What Is A Christian? # 2

What A Christian Is NOT (continued)

3. To become a Christian is NOT to become a part of a new movement.

It is true that there is a sense in which Christianity is a movement, a Divine movement from Heaven. But there are very many who conceive of Christianity in terms of a great enterprise for world betterment or even evangelization. The appeal is so often made that people will come and associate themselves with this great "work." There is that in most people which makes a response to such an appeal, and would like to be in a great movement. But such a way of approach is to court trouble, or at least to be found sooner or later in a false position. Moses got the "movement" idea in Egypt - and then had forty years' inaction in the desert.

There is that which comes before the "movement," and the movement is  with God, not with us. The greatest value in movement, when God's time comes for it, often is that we have learned not to move without Him.

We do not appeal to you to join a movement. We do not invite youth, saying, "Here is something into which you can throw all your natural powers and youthful enthusiasm!" We would say: "God has a purpose: you are of concern to Him in relation to that purpose. But - you cannot even know or enter into that purpose until something has happened in you which  has made you another person. In that purpose you will need much more than natural powers and youthful enthusiasm."

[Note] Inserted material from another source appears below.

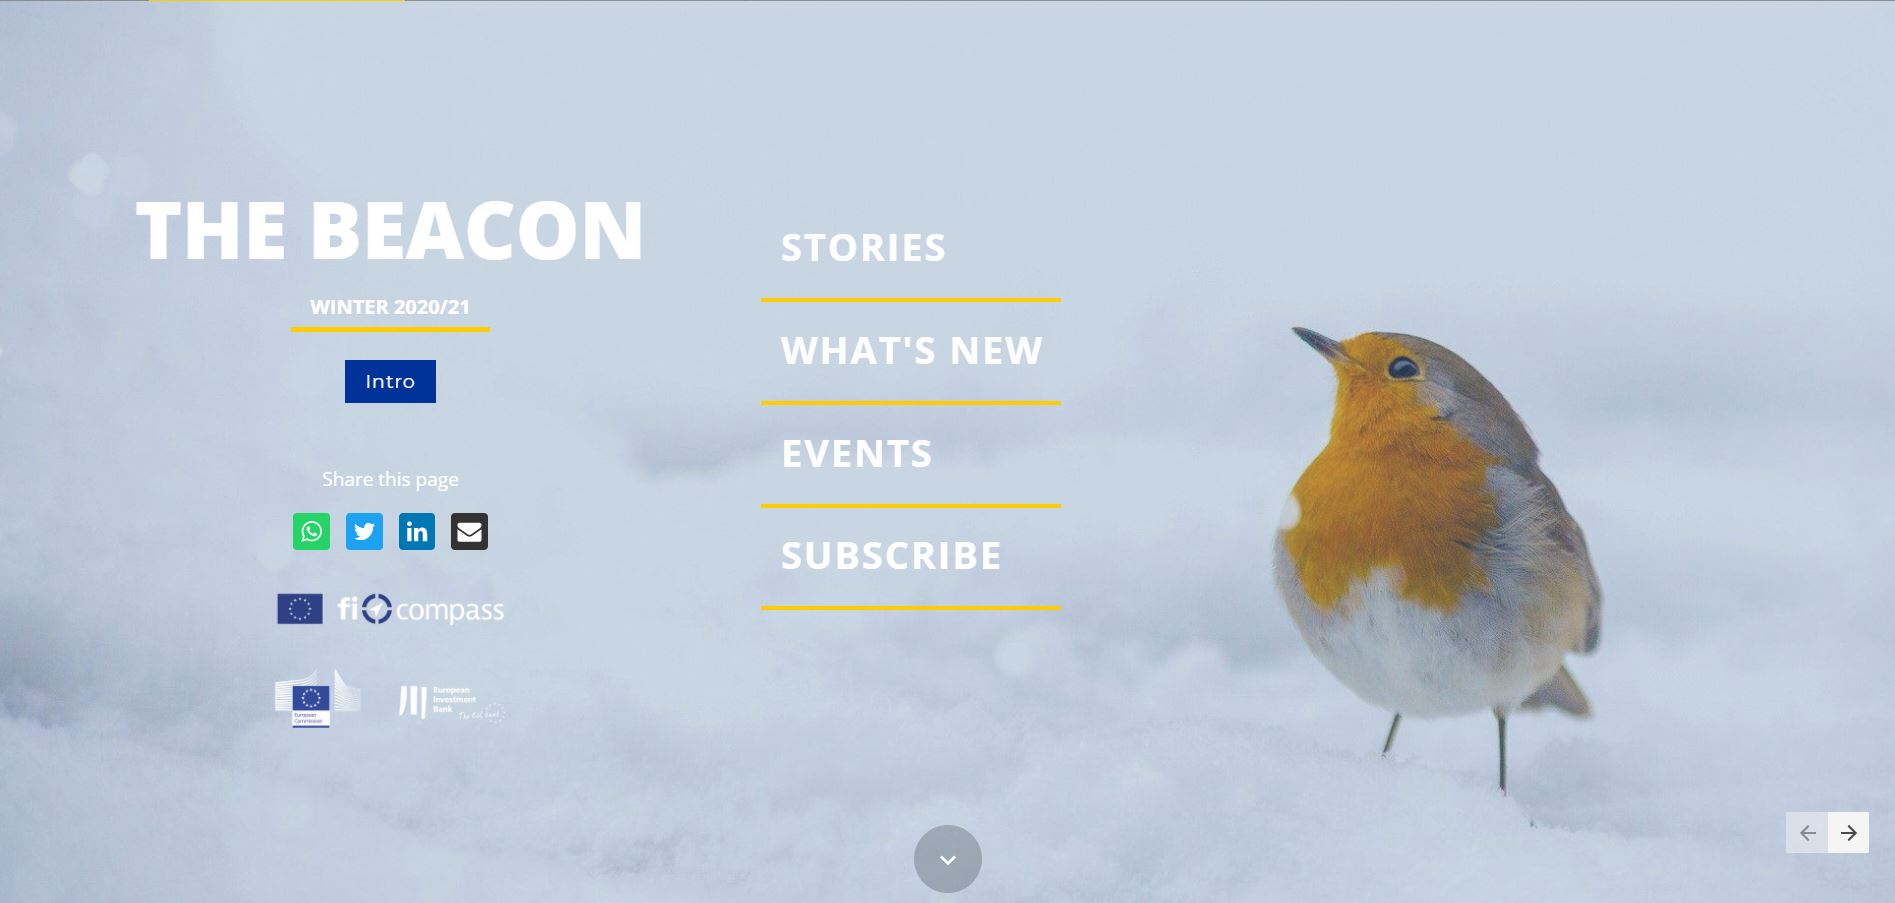 The winter edition of the fi-compass newsletter “The Beacon” is out

That brings us to the positive side - 

WHAT IS A  TRUE CHRISTIAN?

In seeking to show what a Christian really is, we can do no better than take the case of one who not only was a great instance himself, but whose experience has been that of every true Christian since. We refer to the one who was addressed by a Roman "King" in the words at the head of this chapter - the Apostle Paul. While the method of his conversion may not be the usual or general one, the principles are always the same.

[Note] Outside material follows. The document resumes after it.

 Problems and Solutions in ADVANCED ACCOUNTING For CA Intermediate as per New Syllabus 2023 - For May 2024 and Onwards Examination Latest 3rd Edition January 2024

Here, then, are the first three principles and realities of a true Christian life.

1. "Who art Thou?" "I am Jesus."

The first thing is the inward realization that Jesus is (not was) a living Person.

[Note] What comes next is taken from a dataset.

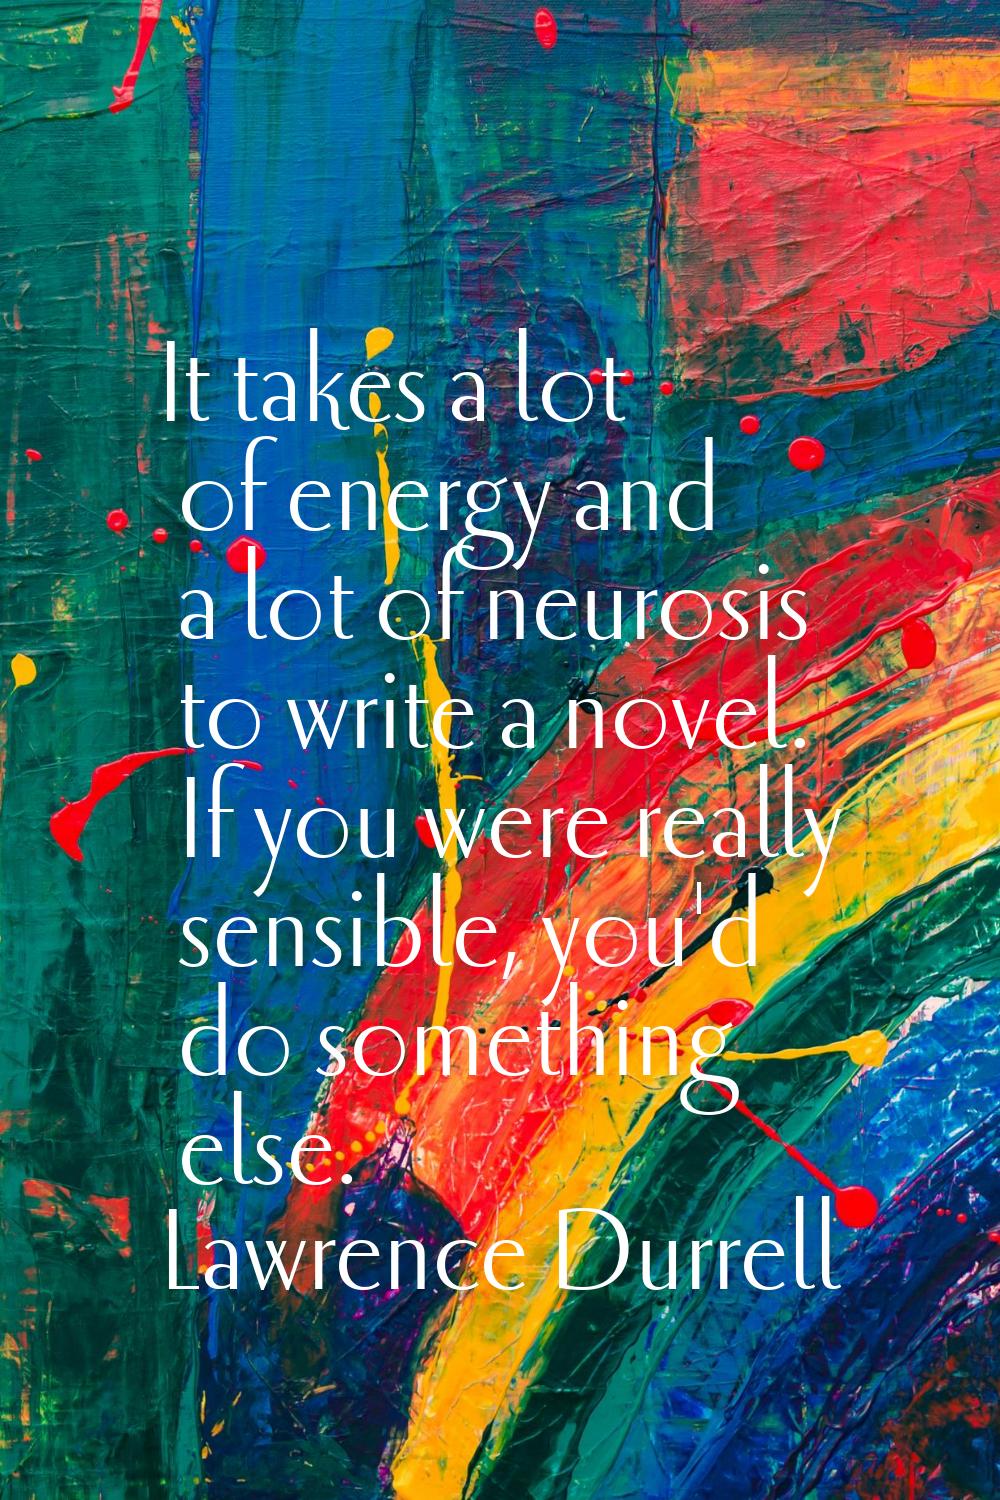 It takes a lot of energy and a lot of neurosis to write a novel. If you were really sensible, you'd

The very first words of Paul when confronted by Christ were: "Who art Thou?" To which the answer came clear and strong - "I am Jesus!" It was a startling discovery, and Paul might well have exclaimed, "What, Jesus alive?" Jesus had been put to death, crucified. All that remained to do was to blot out the memory of Him and destroy what represented Him. To this work Paul (then Saul) had committed himself. We can hardly imagine, then, what a startling and paralyzing thing it was to be confronted with the fact that Jesus was not dead, but alive, and in glory. And not only with the fact, but with the Person Himself.

All that this implied and involved has been the teaching of many centuries since. But for those to whom these present lines are addressed, this can be resolved into a very simple matter. We begin our Christian life by an experience of this living reality. Not a Jesus of history, but a Jesus of heart experience. That He really is alive is the one thing which is open to be proved by us, and it is the most serious matter as to our eternal destiny. We have only to drop our traditions, our prejudices, our suspicions, our questions, our mental problems, and, quietly kneeling, speak to Him (although unseen) as we would speak to one whom we could see; telling Him out of the honesty of our heart what we would tell Him if we were face to face. The first step is definitely to speak to Him, as to a Person [a trusted friend].

This is the way of a discovery. We learn from the New Testament that the Spirit of God is abroad in the world just to bring about this discovery - to make real that Jesus lives to save and be our very life. This wonderful realization, that Jesus lives, comes to the heart of every one who honestly turns and puts it to the test; and everything springs out of that.